= Problem description =
What you produce should be the lines from the line containing "Diving in the" through the last line below, both ends included, reproduced exactly and without pictures.

= Given material =
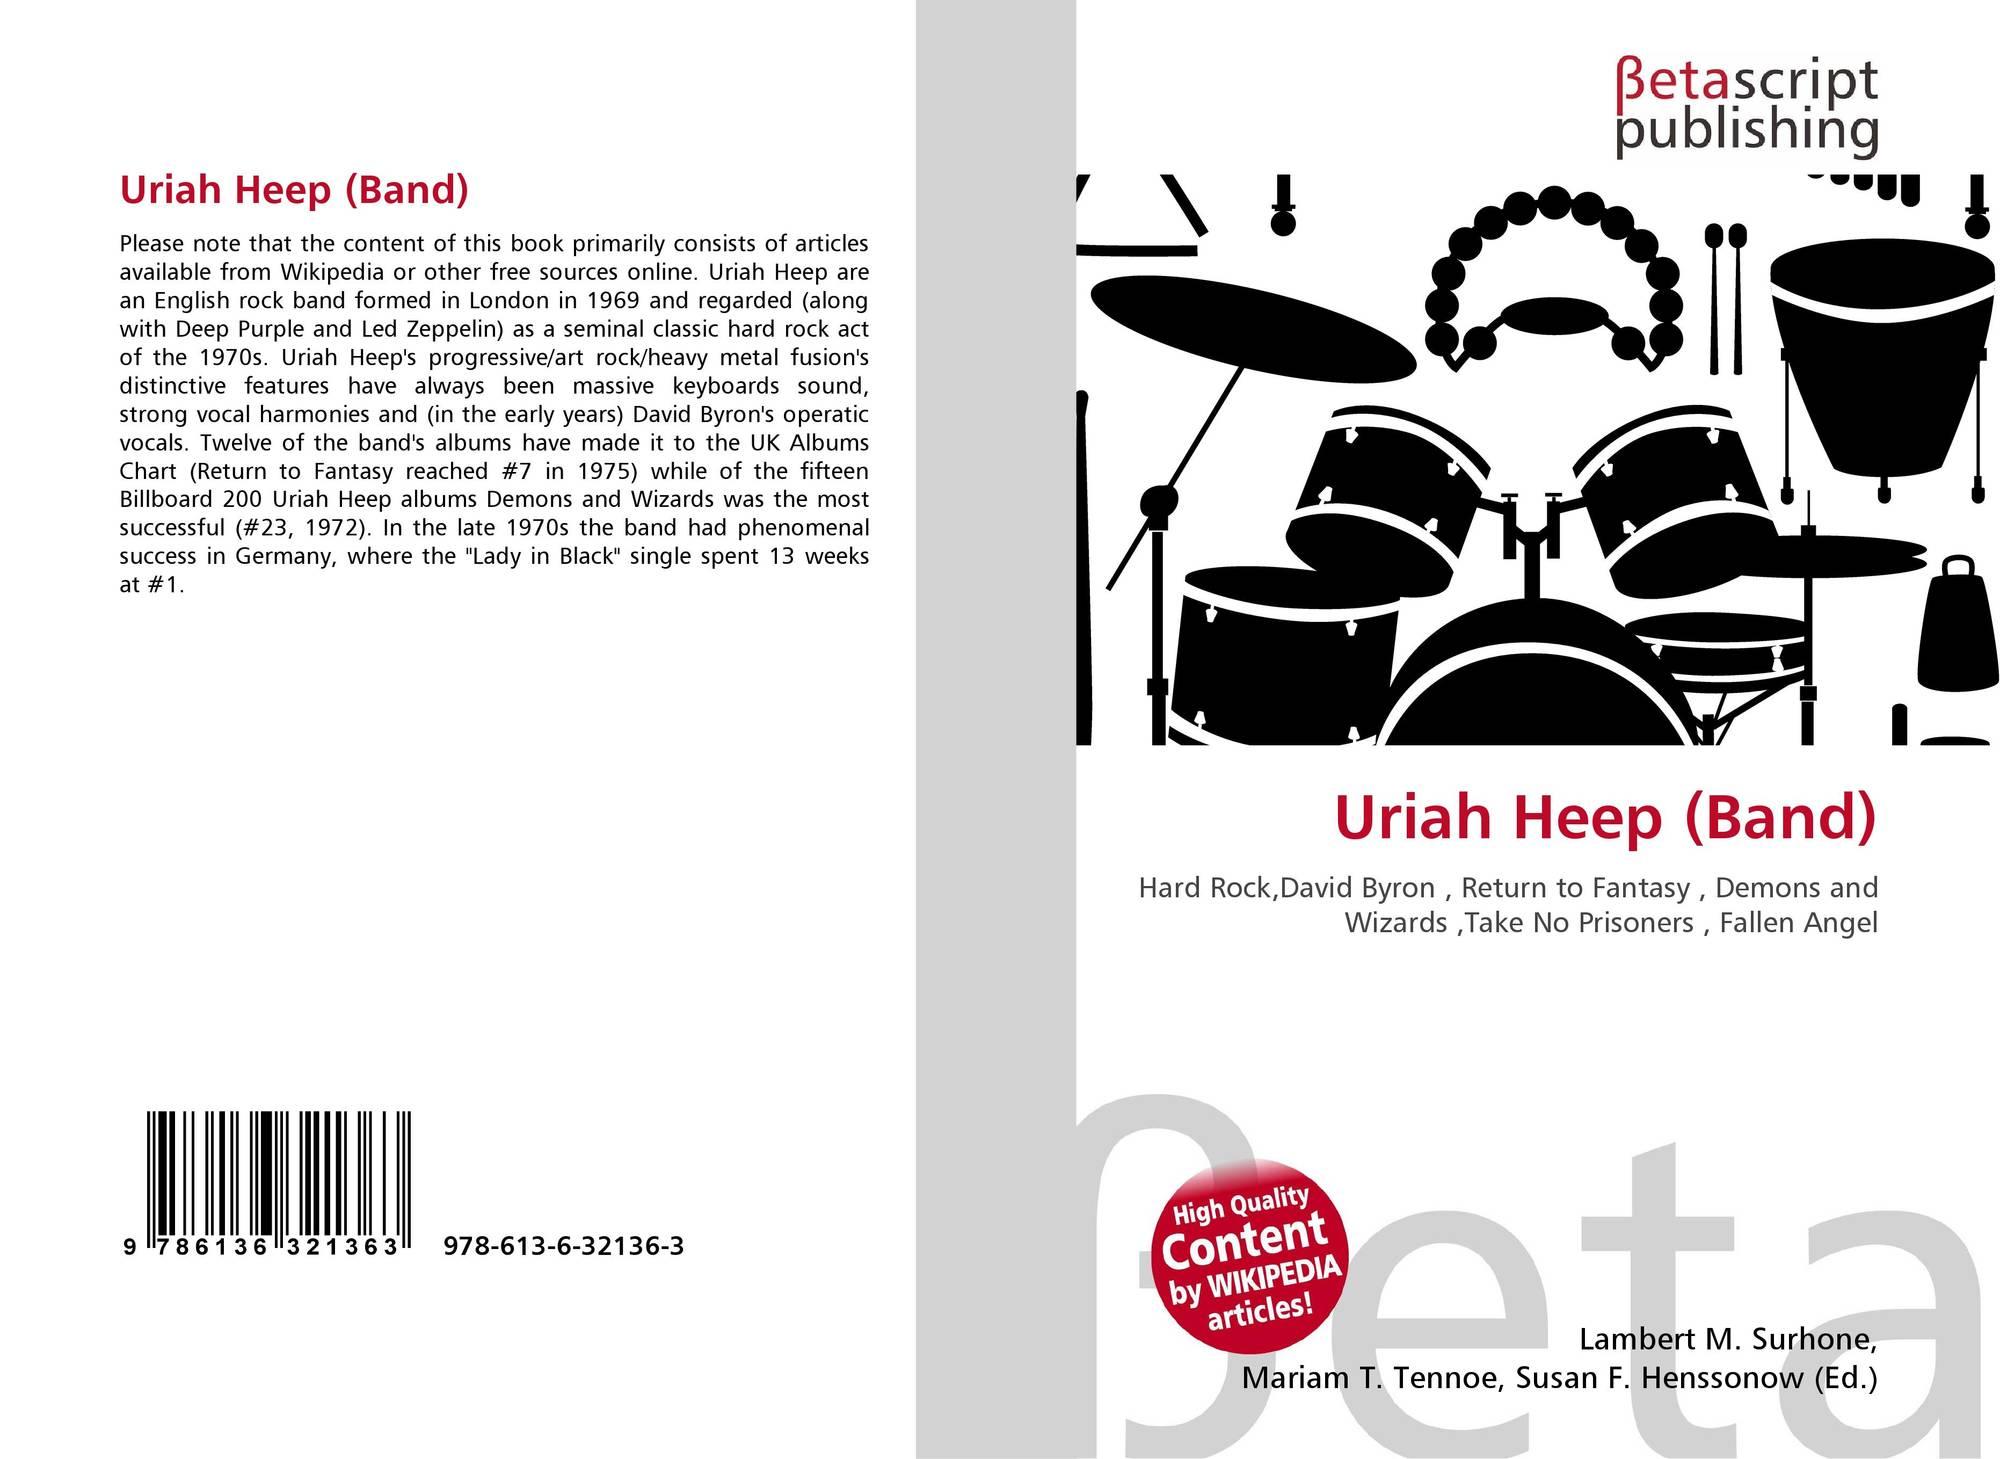 Uriah Heep Band 978 613 6 32136 3 613632136x 9786136321363
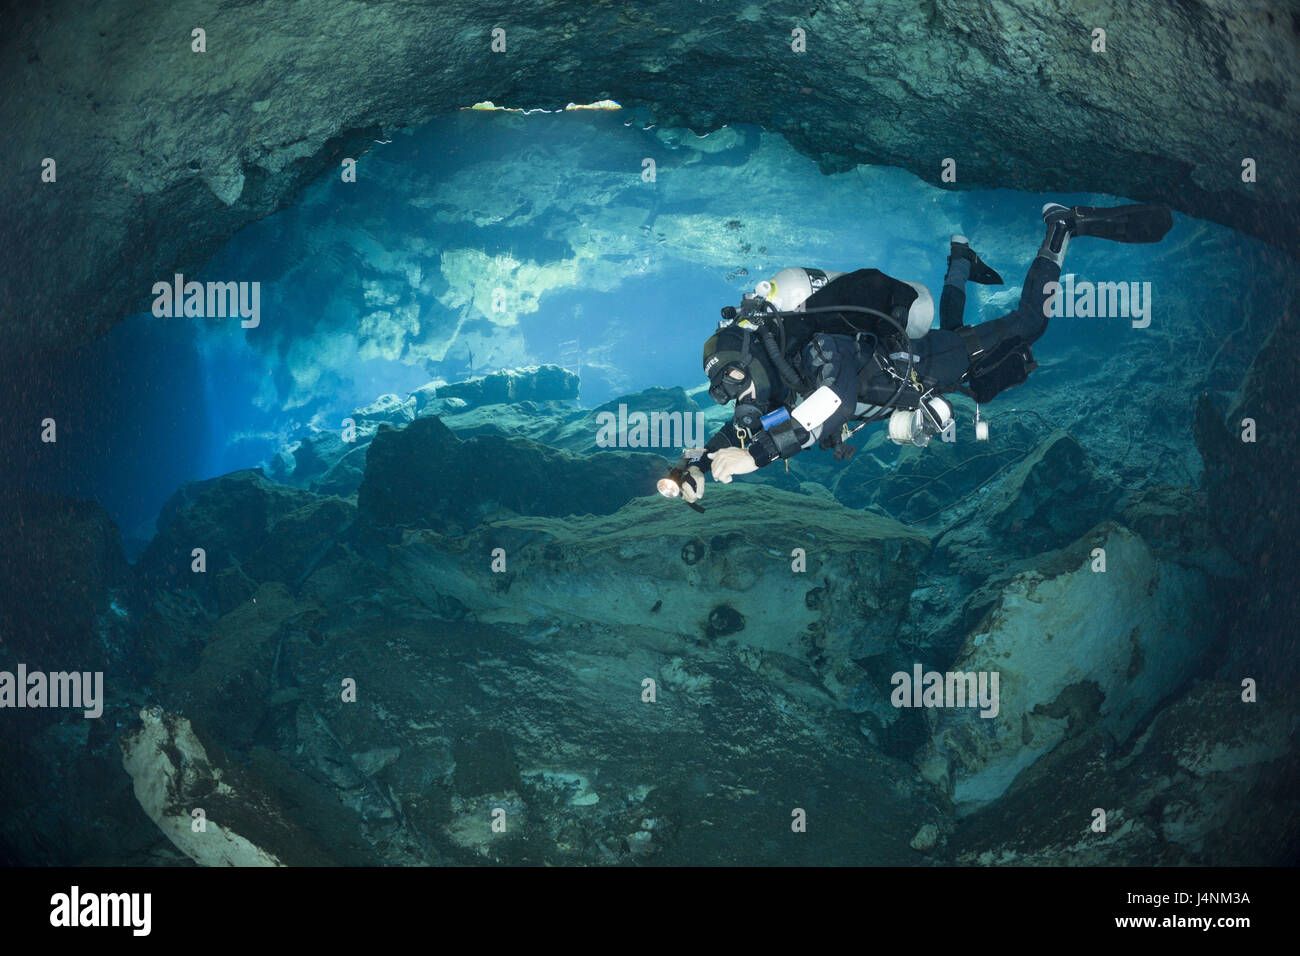 Diving in the Cenote' Chac Mool', Playa del Carmen, Yucatan peninsula, Mexico, - Stock Image
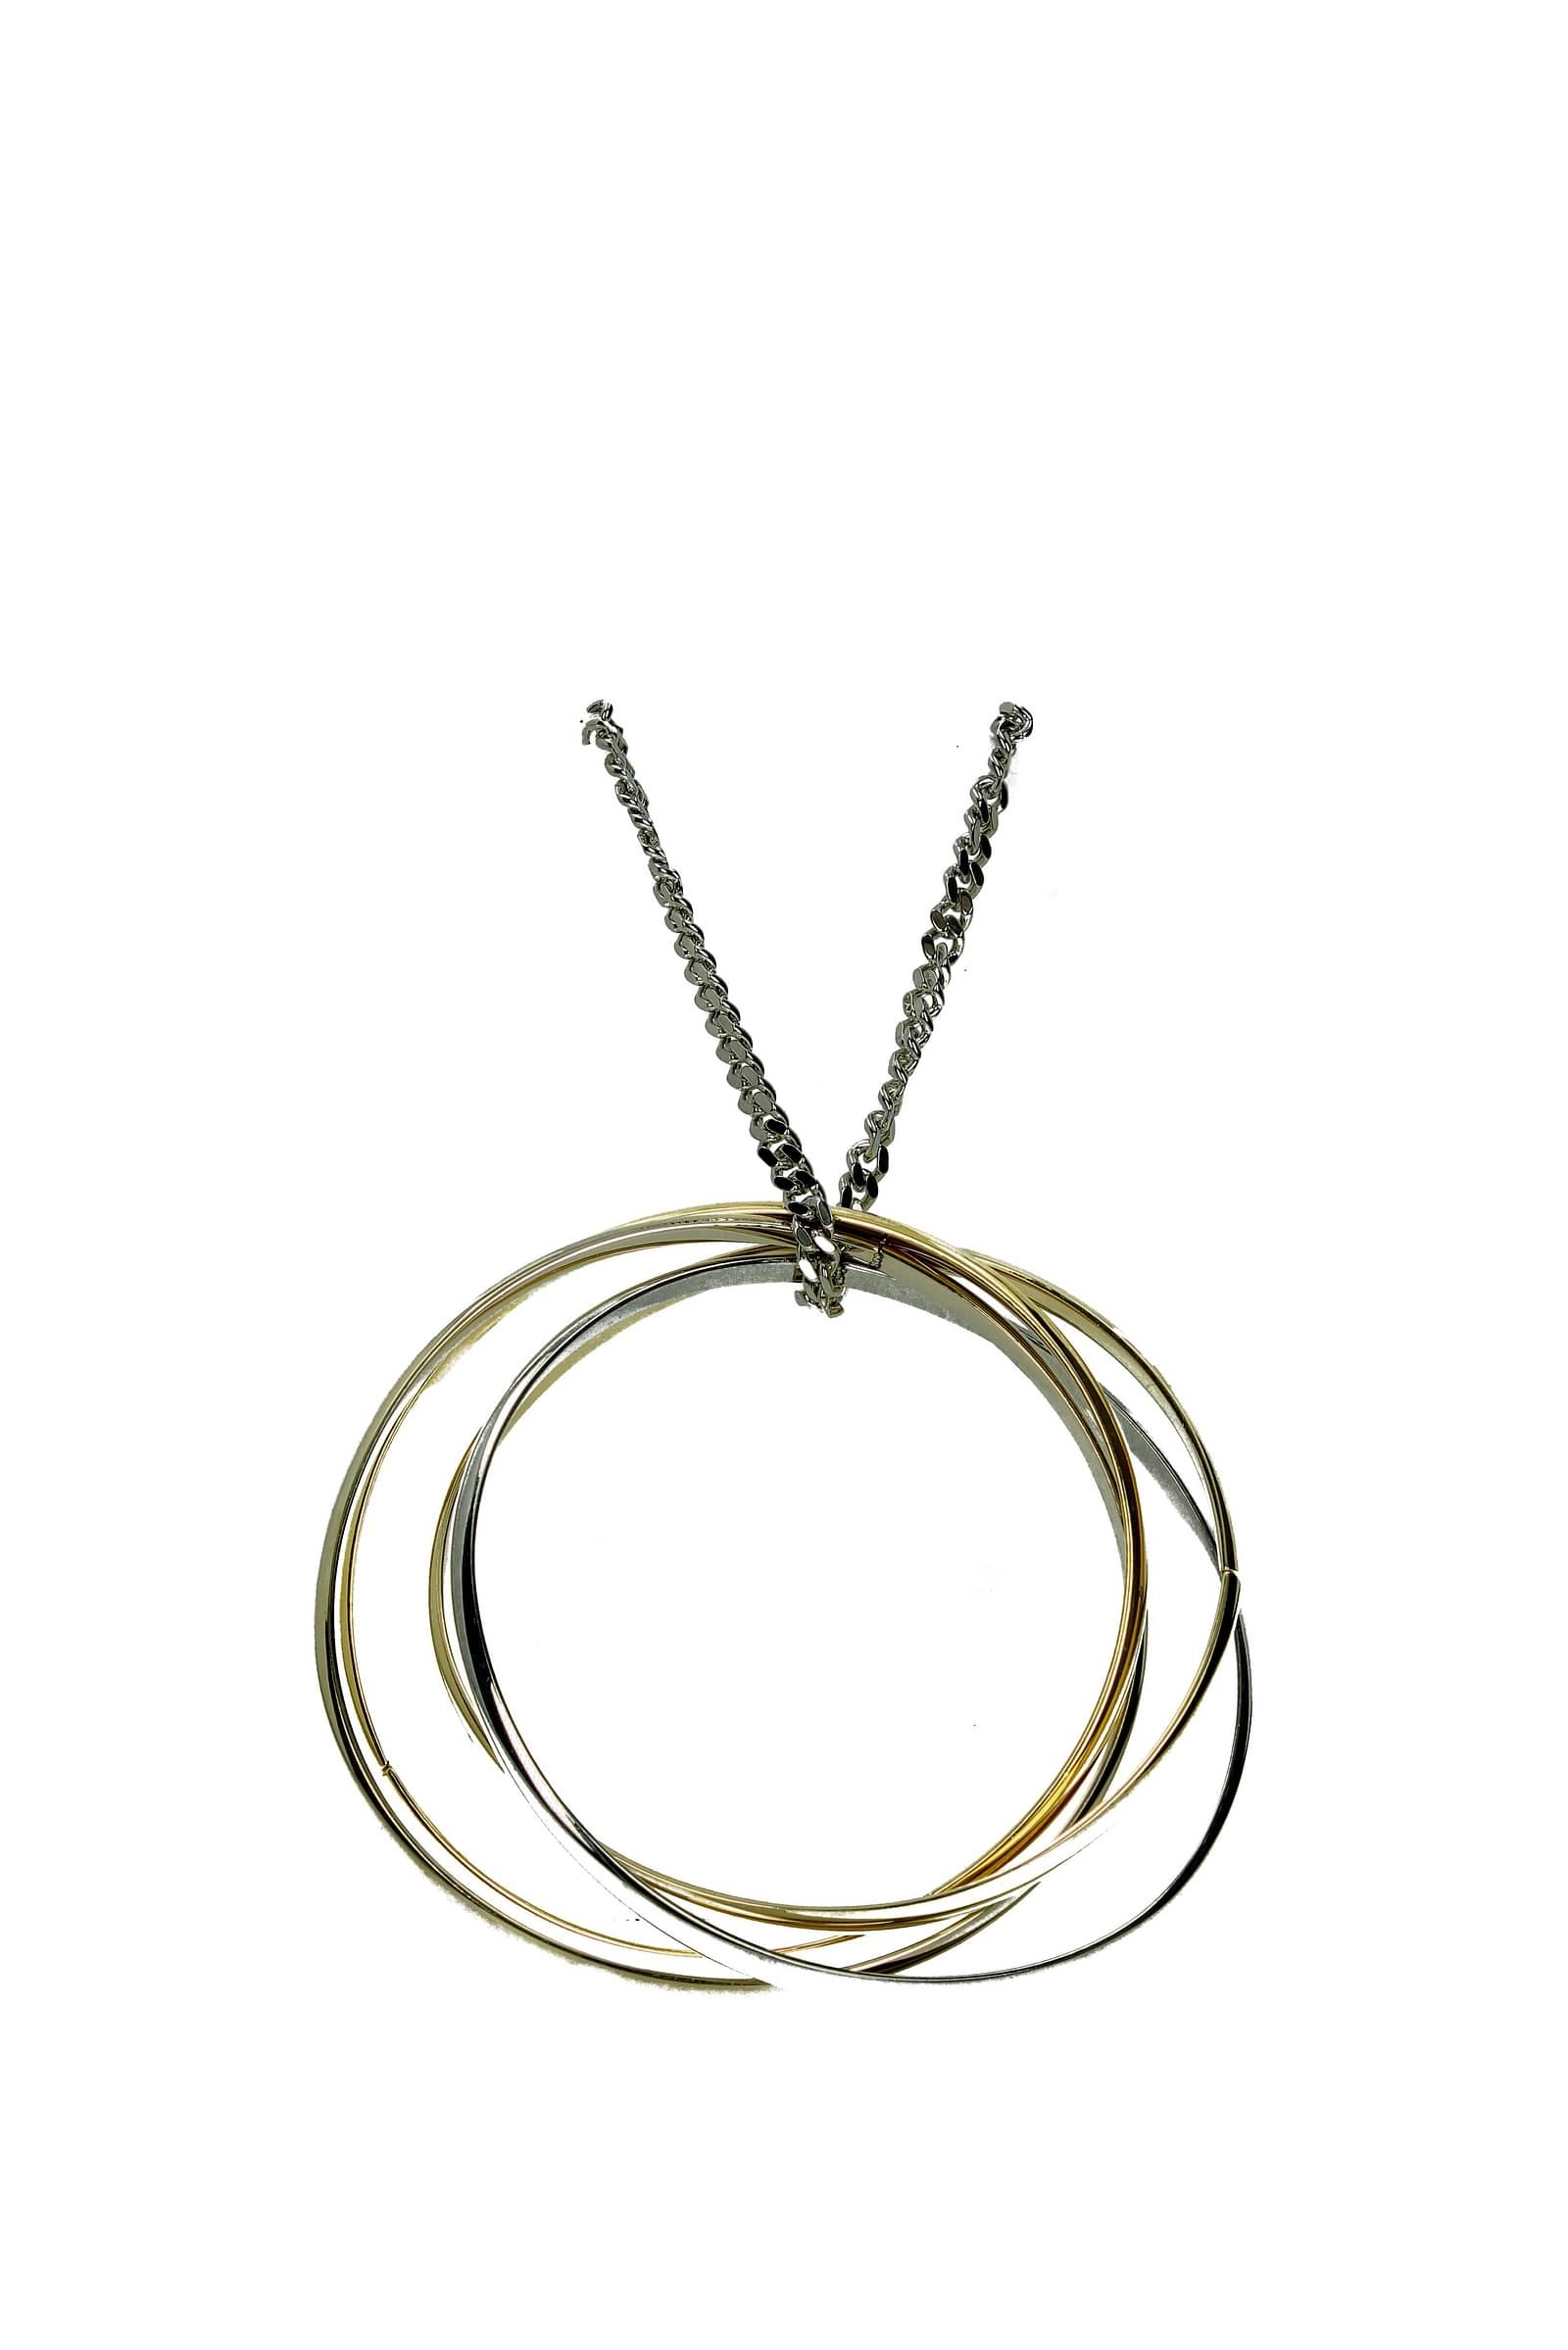 Collane-Givenchy-Donna-Ottone-BF03370900 miniatura 2

= Task solution =
 Diving in the Cenote' Chac Mool', Playa del Carmen, Yucatan peninsula, Mexico, - Stock Image
 Collane-Givenchy-Donna-Ottone-BF03370900 miniatura 2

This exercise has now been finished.